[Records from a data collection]
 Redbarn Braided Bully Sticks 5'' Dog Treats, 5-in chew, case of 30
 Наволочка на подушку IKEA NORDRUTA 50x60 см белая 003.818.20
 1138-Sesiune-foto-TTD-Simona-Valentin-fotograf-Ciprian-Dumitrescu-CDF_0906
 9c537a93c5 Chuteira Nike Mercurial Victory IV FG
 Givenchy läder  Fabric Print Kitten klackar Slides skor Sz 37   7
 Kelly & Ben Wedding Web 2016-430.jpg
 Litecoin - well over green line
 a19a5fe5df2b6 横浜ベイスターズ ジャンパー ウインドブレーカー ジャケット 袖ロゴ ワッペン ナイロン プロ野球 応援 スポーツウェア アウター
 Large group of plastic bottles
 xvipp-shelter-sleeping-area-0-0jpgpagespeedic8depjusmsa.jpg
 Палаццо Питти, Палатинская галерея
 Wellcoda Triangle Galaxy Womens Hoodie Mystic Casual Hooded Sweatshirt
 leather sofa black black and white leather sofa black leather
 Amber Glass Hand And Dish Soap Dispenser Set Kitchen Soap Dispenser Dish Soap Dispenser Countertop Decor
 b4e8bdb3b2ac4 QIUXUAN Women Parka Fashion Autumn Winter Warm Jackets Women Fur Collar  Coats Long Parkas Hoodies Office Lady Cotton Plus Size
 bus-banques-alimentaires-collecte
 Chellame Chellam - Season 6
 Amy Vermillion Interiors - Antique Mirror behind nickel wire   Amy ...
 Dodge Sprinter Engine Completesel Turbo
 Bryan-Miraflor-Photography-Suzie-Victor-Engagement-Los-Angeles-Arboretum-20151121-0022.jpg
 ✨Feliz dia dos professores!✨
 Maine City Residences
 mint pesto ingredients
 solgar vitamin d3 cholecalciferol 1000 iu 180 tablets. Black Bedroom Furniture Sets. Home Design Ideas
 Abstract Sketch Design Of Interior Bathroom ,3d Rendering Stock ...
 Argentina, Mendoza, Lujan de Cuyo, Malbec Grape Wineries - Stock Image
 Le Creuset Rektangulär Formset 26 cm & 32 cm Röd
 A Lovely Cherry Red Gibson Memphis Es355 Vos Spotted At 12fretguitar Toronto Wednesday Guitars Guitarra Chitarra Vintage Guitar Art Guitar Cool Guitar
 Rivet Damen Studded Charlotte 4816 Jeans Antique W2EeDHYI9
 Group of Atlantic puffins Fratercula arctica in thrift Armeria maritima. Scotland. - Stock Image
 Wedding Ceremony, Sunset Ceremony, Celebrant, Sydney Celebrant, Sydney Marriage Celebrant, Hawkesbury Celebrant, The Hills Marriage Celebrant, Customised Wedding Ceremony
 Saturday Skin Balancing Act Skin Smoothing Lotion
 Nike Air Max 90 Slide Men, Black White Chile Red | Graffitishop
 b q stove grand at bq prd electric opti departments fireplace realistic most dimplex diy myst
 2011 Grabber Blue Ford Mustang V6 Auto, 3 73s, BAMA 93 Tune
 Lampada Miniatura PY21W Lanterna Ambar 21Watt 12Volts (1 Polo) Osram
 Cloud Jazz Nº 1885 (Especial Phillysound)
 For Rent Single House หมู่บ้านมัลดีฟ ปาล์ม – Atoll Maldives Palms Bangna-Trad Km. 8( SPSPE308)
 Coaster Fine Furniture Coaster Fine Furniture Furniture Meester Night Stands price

> **Problem requirements**:
Provide only the number of lines above that contain the word "Image".

> **Your response**:
2